History

Japan
- Name: Yu 3002
- Builder: Korea Machine Factory Boat Manufacturing Works, Inchon, Chosen (Korea)
- Fate: Sank in storm 1945

General characteristics Yu I type
- Type: Transport submarine
- Displacement: 274 long tons (278 t) surfaced; 346 long tons (352 t) submerged;
- Length: 41.40 m (135 ft 10 in) overall
- Beam: 3.90 m (12 ft 10 in)
- Draft: 3.00 m (9 ft 10 in)
- Propulsion: 2 × Hesselman engines; 300 kW (400 bhp) surfaced; 56 kW (75 shp) submerged; single shaft;
- Speed: 10 knots (19 km/h; 12 mph) surfaced; 4 knots (7.4 km/h; 4.6 mph) submerged;
- Range: 1,500 nmi (2,800 km; 1,700 mi) at 8 knots (15 km/h; 9.2 mph) surfaced; 32 nmi (59 km; 37 mi) at 4 knots (7.4 km/h; 4.6 mph) submerged;
- Test depth: 100 m (328 ft)
- Capacity: 24 tons freight or 40 troops
- Complement: 23
- Armament: 1 x deck gun

= Japanese submarine Yu 3002 =

Imperial Japanese Army Yu 3001-class submarine

Yu 3002 was an Imperial Japanese Army transport submarine, a unit of the Yu 3001 subclass of the Yu I type. Constructed for use during World War II, she served in the waters of the Japanese archipelago and was lost in a storm in 1945.

==Construction==
In the final two years of World War II, the Imperial Japanese Army constructed transport submarines — officially the Type 3 submergence transport vehicle and known to the Japanese Army as the Maru Yu — with which to supply its isolated island garrisons in the Pacific. Only submarines of the Yu I type were completed and saw service. The Yu I type was produced in four subclasses, each produced by a different manufacturer and differing primarily in the design of their conning towers and details of their gun armament. None carried torpedoes or had torpedo tubes. Yu 3002 was a unit of the Yu 3001 subclass.

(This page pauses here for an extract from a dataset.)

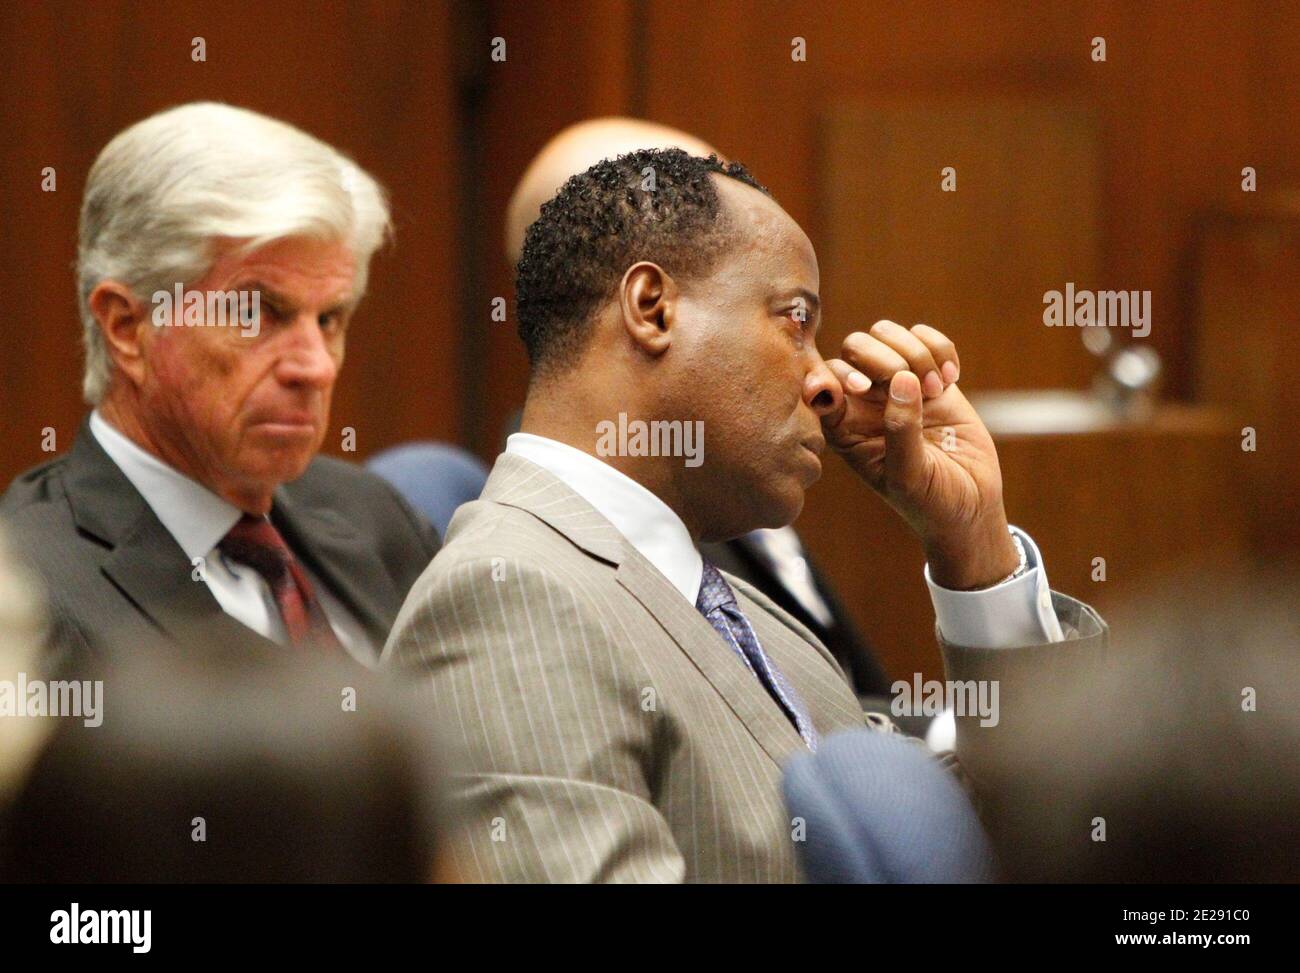 Conrad Murray wipes a tear during the defense opening arguments in his involuntary manslaughter trial at Superior Court in downtown, Los Angeles, CA on September 27, 2011. Photo by Al Seib/Pool/ABACAPRESS.COM Stock Photo

The Korea Machine Factory Boat Manufacturing Works (Chosen Kikan Seisakujo Jinsen Kojo Seizotai) constructed Yu 3002 at Inchon in Chosen, the Japanese name for Korea while Korea was under Japanese rule. Records of the details of the construction of Yu 3002 have not been discovered, but the lead unit of her subclass, her sister ship , entered service in August 1944.

One source claims the North Korea Machine Works (Kikai Seisakujo) at Wonsan, Korea, built all submarines of the Yu 3001 subclass.

==Service history==
Yu 3002 spent her operational career in Japanese home waters. Surviving records of the activities of Imperial Japanese Army submarines are fragmentary, and no records have been discovered describing her specific activities in support of any particular operation. She sank in a storm sometime in 1945.